- DESCRIPTION OF THE TASK
Take the line that contains "Stewart Custom Woodworking" and each line after it to the end of the material below, and return them exactly, minus the pictures.

##### GIVEN DATA

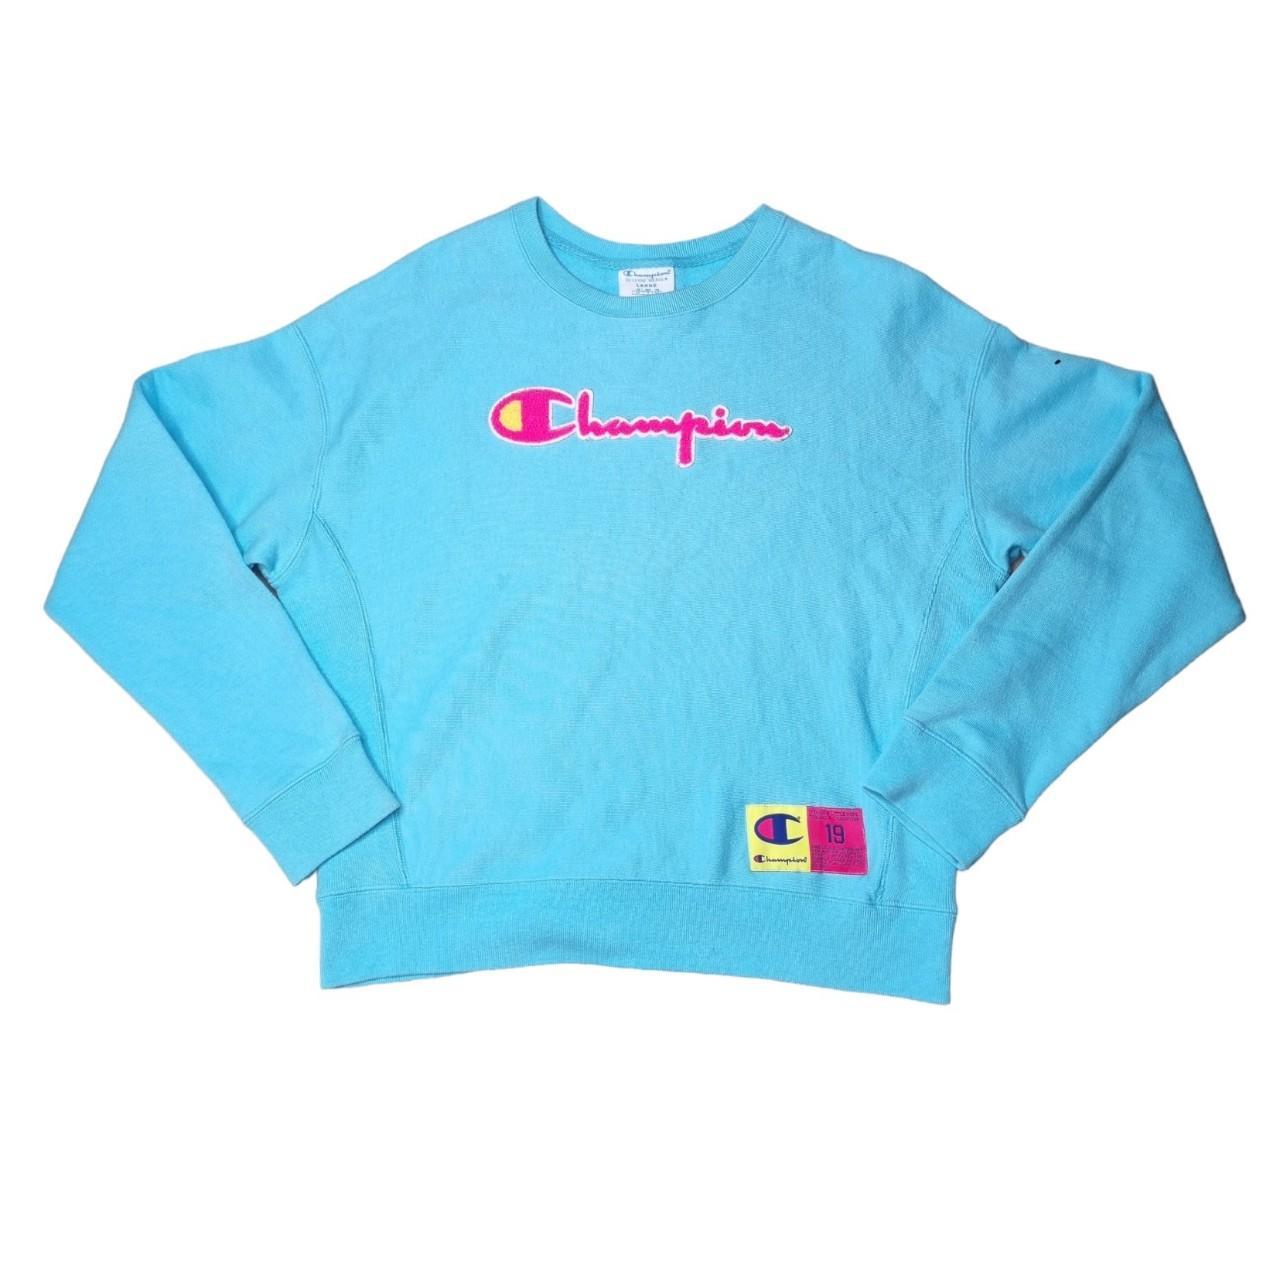 Blue Champion reverse weave sweatshirt with pink... - Depop
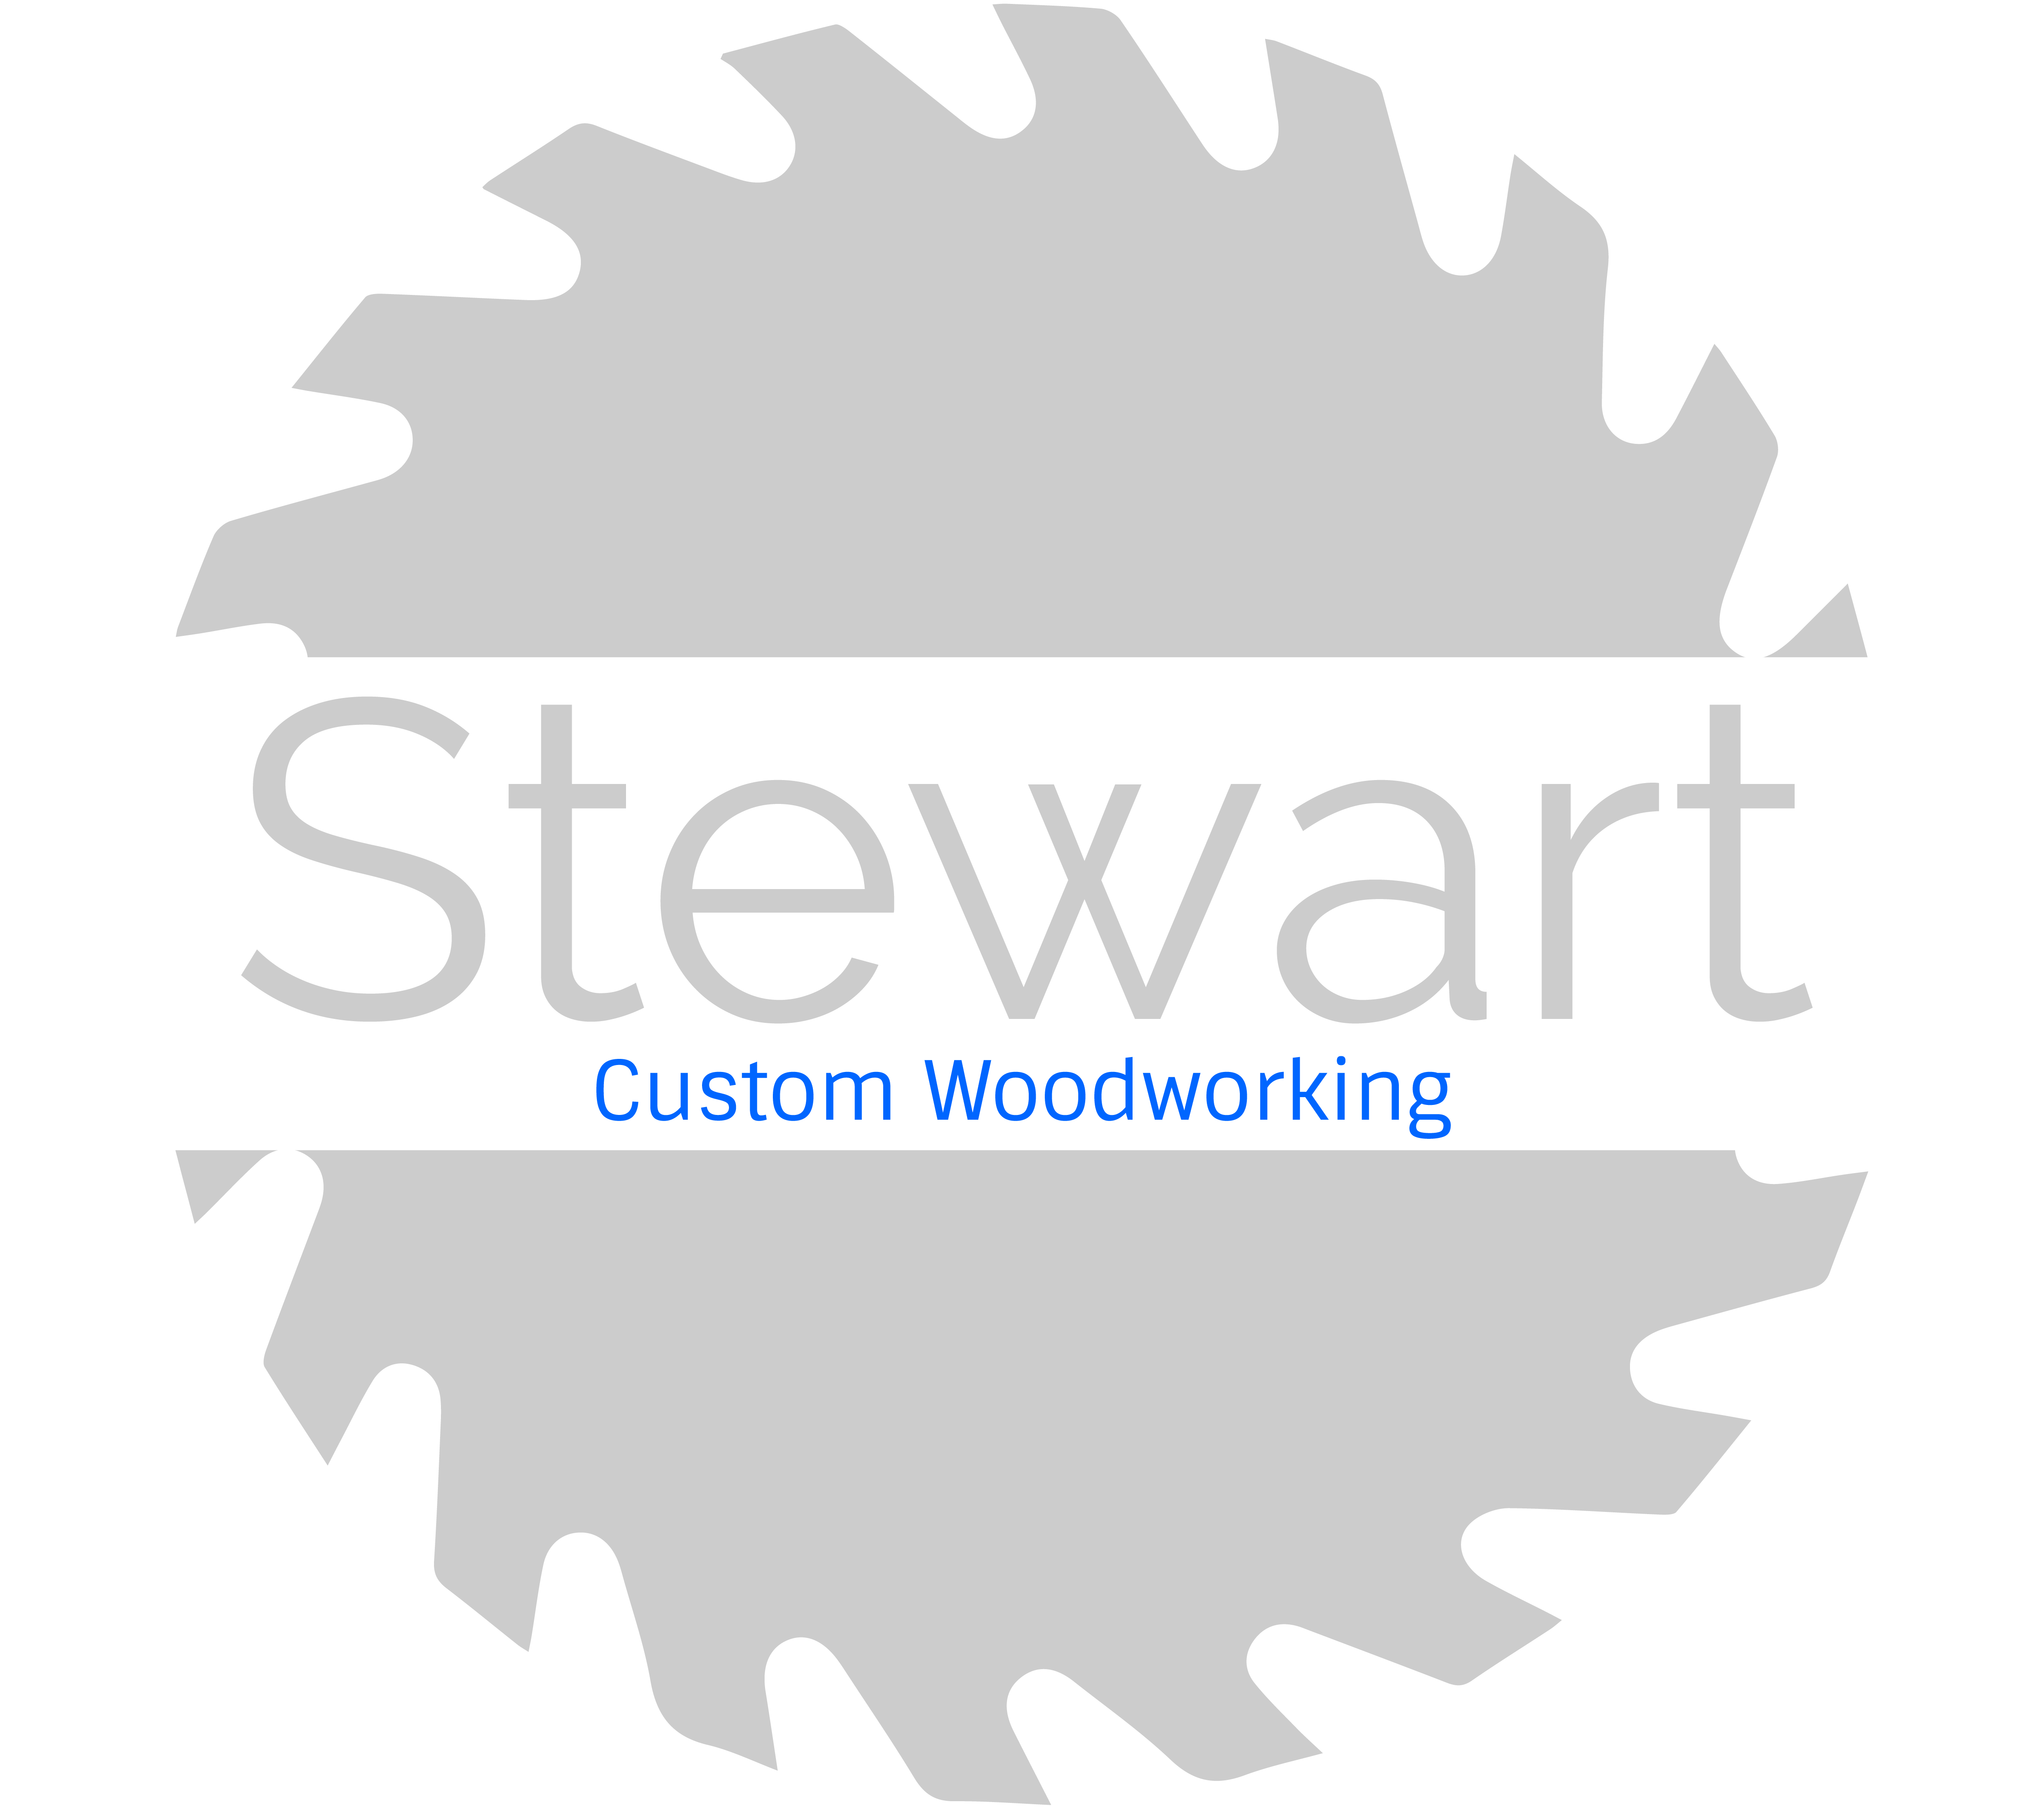 Stewart Custom Woodworking
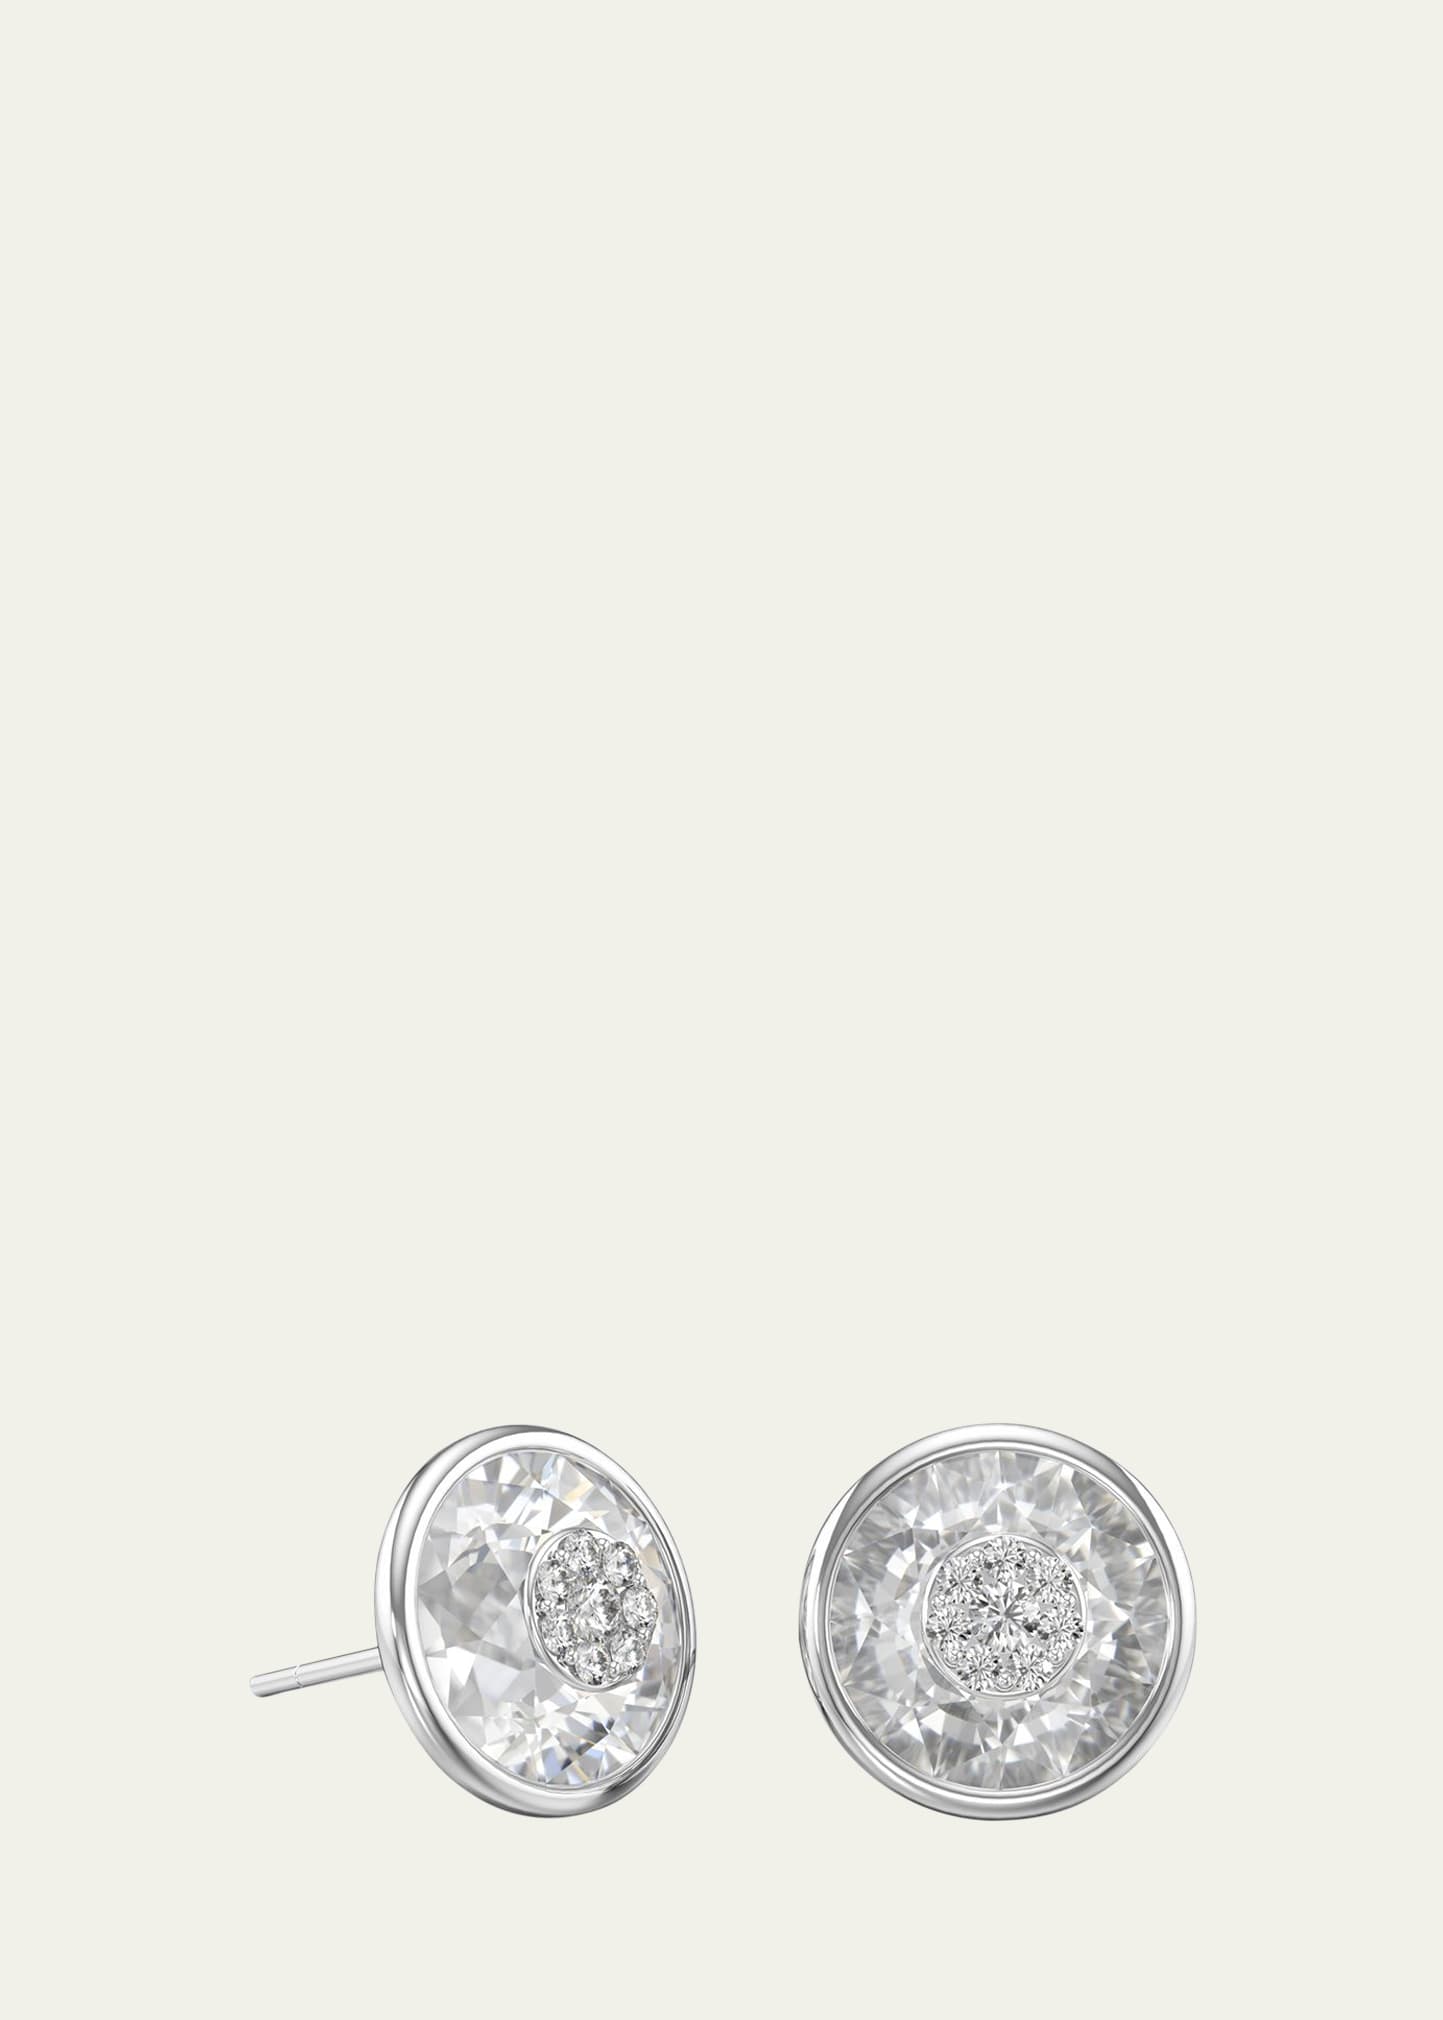 Bhansali 18k White Gold 10mm Round Stud Earrings w/ Diamonds

##########

- RESPONSE TO THIS EXERCISE
 Stewart Custom Woodworking
 Bhansali 18k White Gold 10mm Round Stud Earrings w/ Diamonds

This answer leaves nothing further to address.